Image


 
Ода Державина "Бог"
в свете постмодернизма или постмодернизм в свете оды Державина "Бог"

image То, что произошло в 1784 году в февральскую распутицу на постоялом дворе в Нарве с олонецким губернатором (а точнее, с “без пяти минут” губернатором), равносильно великому историческому событию. Главному свидетелю этого события привиделось во сне, что свет блещет в его глазах, а проснувшись, он обнаружил, что и в действительности вокруг стен бегает свет. Свидетель обставляет данный факт некоторыми извинительными оговорками, вроде: “казалось”, “по разгоряченности воображения” и т.п.
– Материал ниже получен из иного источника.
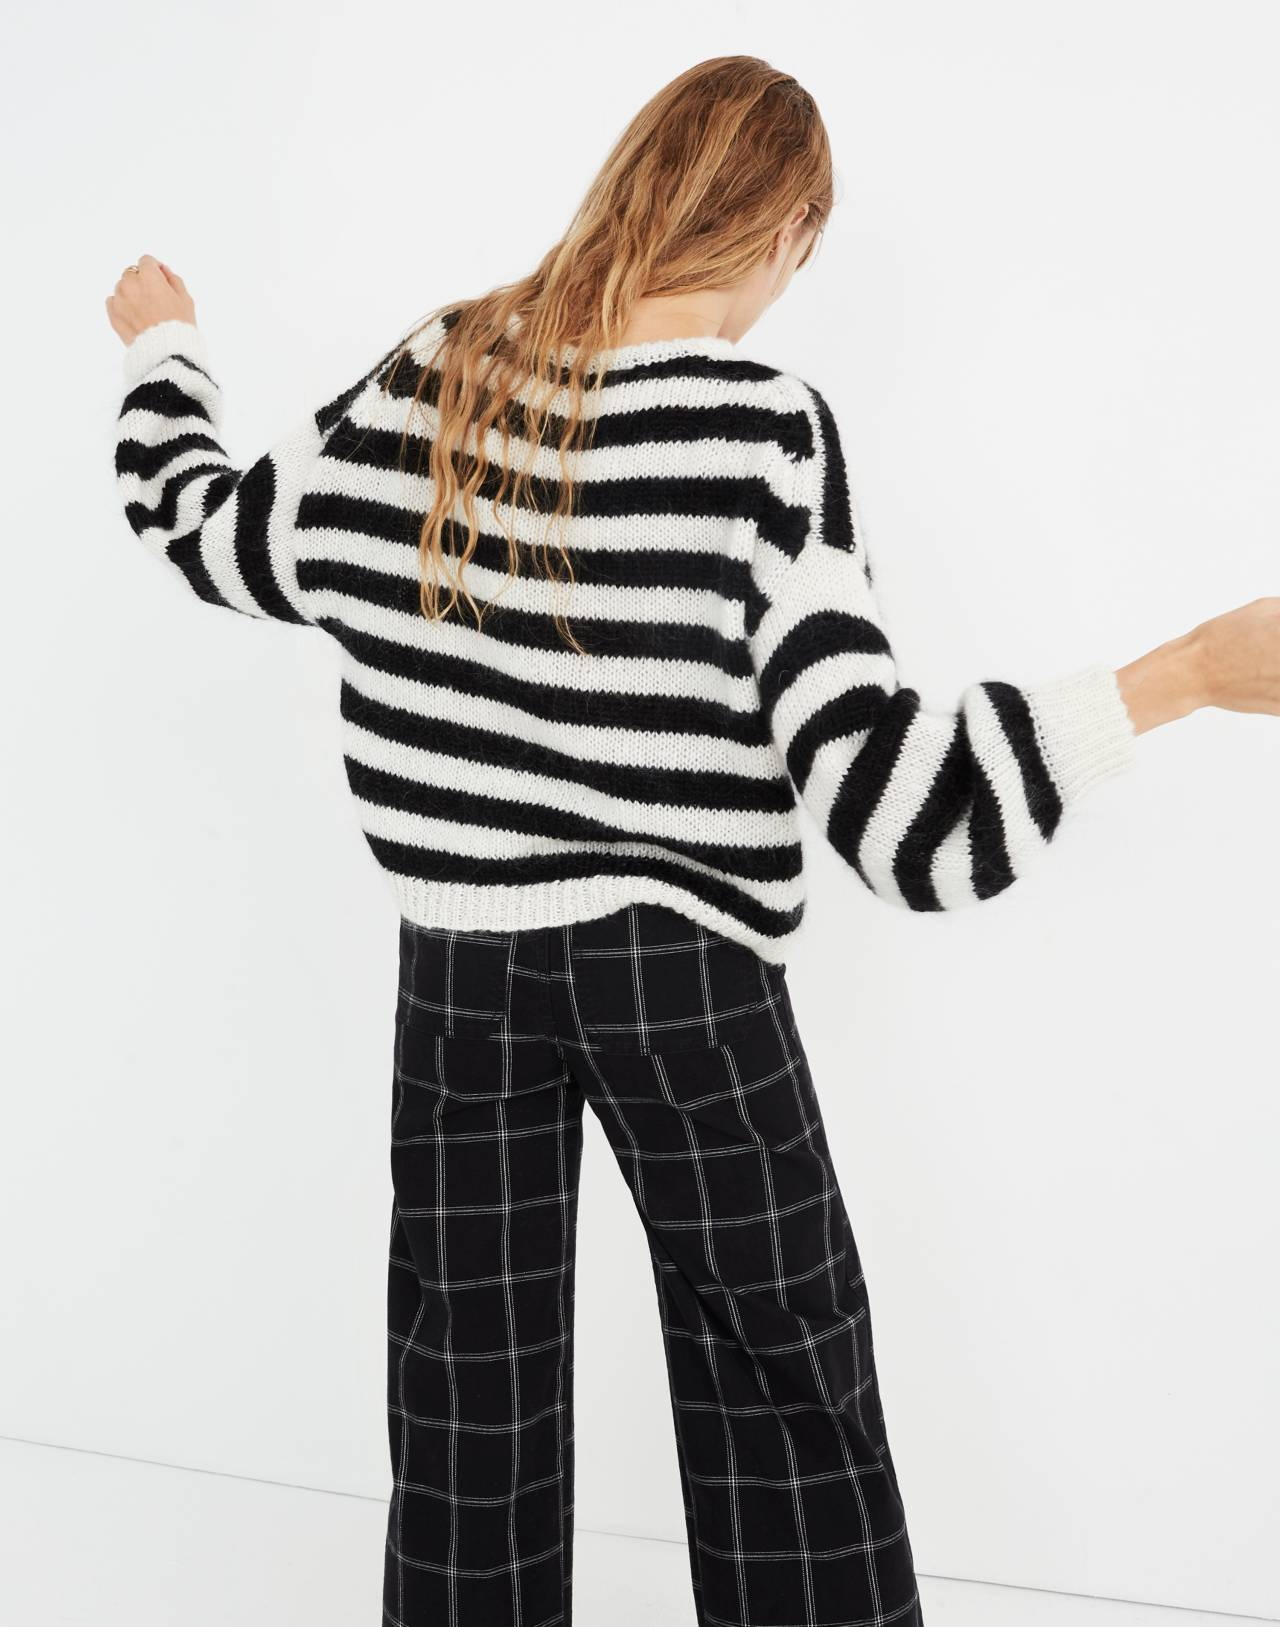 Balloon-Sleeve Pullover Sweater in Stripe in true black image 3

Но то его право, ведь он к тому же и творец этого события. А оно заключалось в том, что накануне была написана ода, которой суждено было стать великой. Имя очевидца и творца событий — Гавриил Романович Державин, которому в тот день удалось совершить предначертанное: “...когда в 44 году явилась большая, весьма известная ученому свету комета, то при первом на нее воззрении, указывая на нее перстом, первое слово выговорил: Бог”. Это слово и стало именем только что написанной оды, само произведение имело счастливую судьбу. Еще при жизни автора оно было переведено на более чем сто языков (причем, даже на древнегреческий и на латинский), в дальнейшем в некоторых странах ода переводилась неоднократно.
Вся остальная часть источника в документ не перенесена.